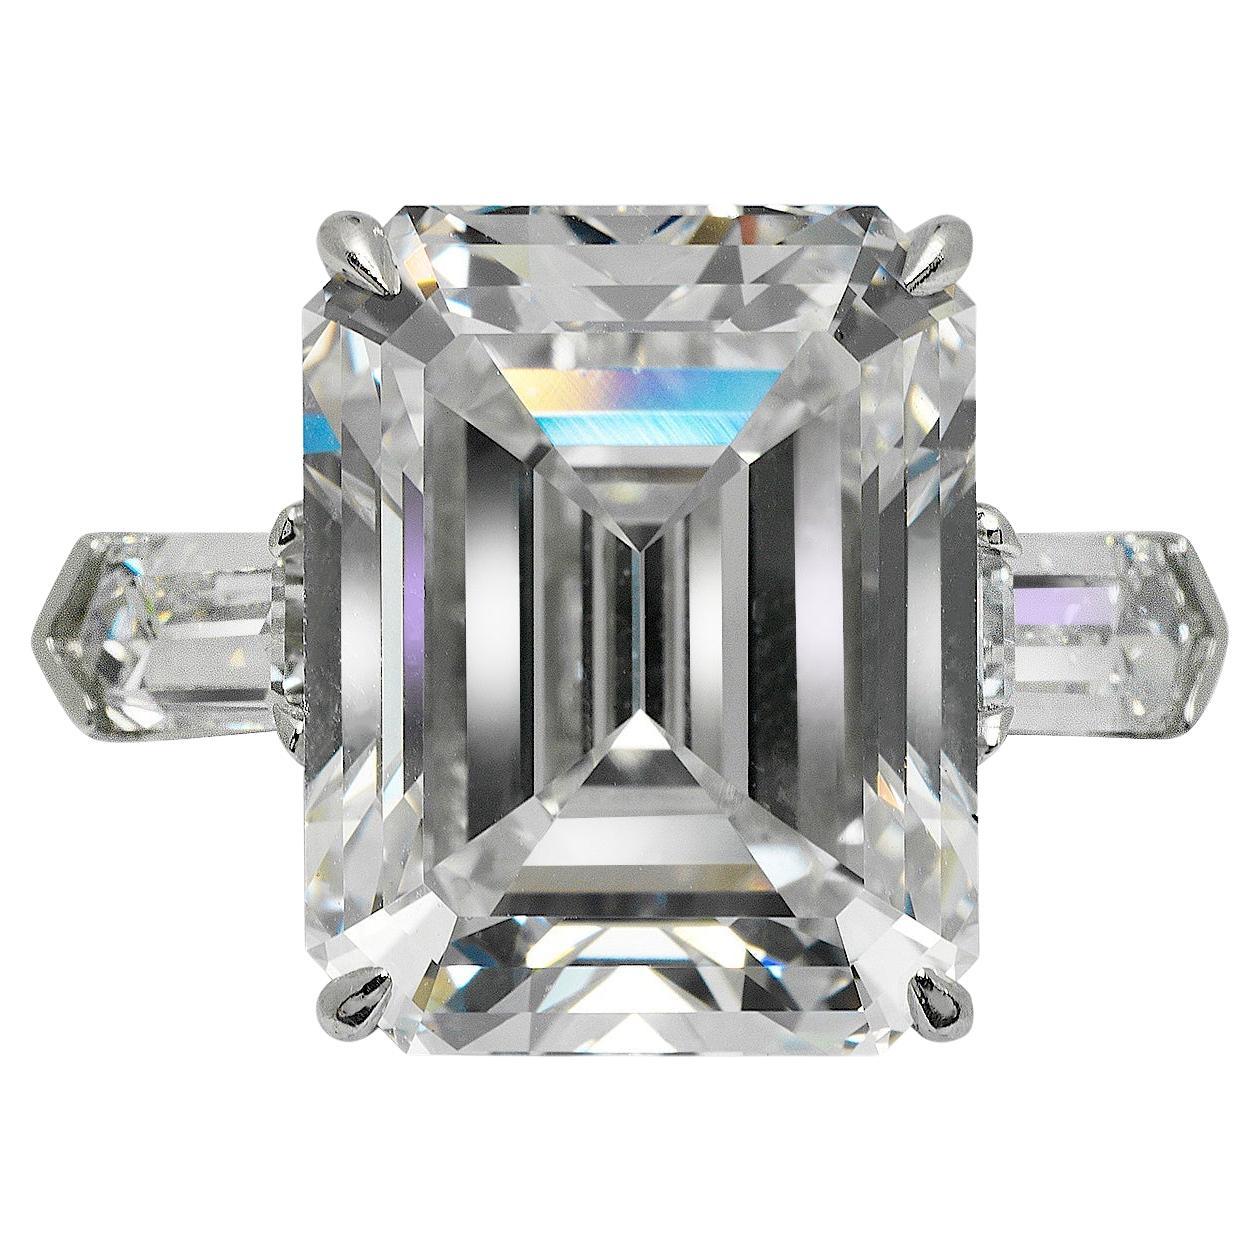 MELODY  EMERALD  DIAMOND ENGAGEMENT RING IN PLATINUM  BY MIKE NEKTA

GIA CERTIFIED
Center Diamond
Carat Weight: 14.6 Carats
Color :  D*
Clarity: VVS1
Style:  EMERALD CUT 
Measurements:  16.3 x 11.7 x 7.7 mm
*Color Treated
 
Ring:
Metal:
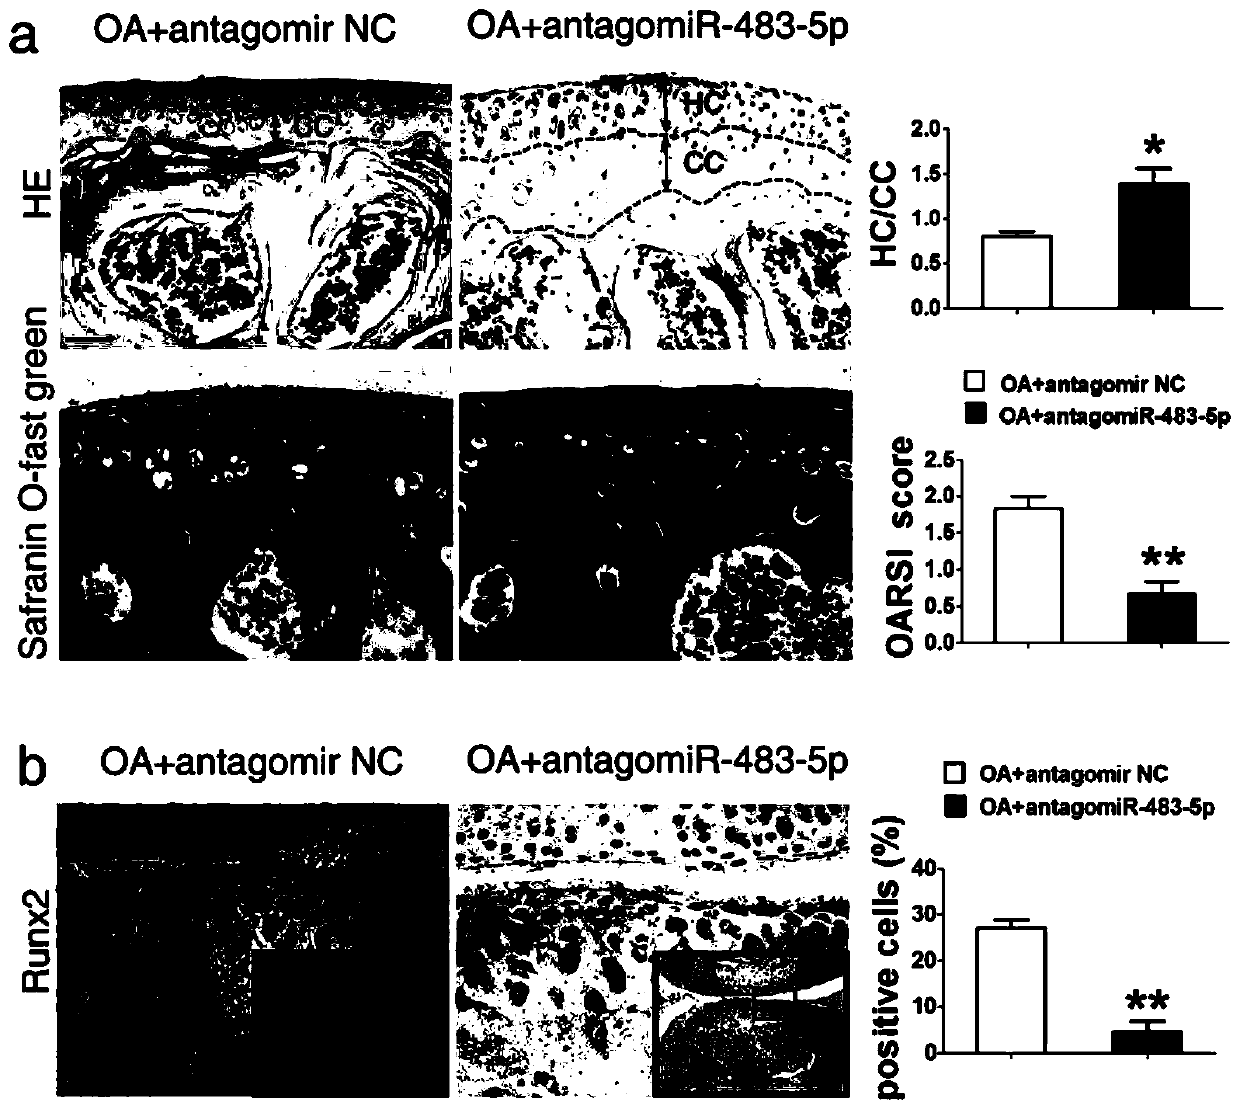 A miRNA-483-5p inhibitor drug and its application in medicine for treating osteoarthritis

☆ ☆ ☆ ☆ ☆ ☆ ☆

> [Problem statement]:
Copy out the listing exactly as it stands, but not the pictures.

> [Result of the task]:
 MELODY  EMERALD  DIAMOND ENGAGEMENT RING IN PLATINUM  BY MIKE NEKTA

GIA CERTIFIED
Center Diamond
Carat Weight: 14.6 Carats
Color :  D*
Clarity: VVS1
Style:  EMERALD CUT 
Measurements:  16.3 x 11.7 x 7.7 mm
*Color Treated
 
Ring:
Metal:
 A miRNA-483-5p inhibitor drug and its application in medicine for treating osteoarthritis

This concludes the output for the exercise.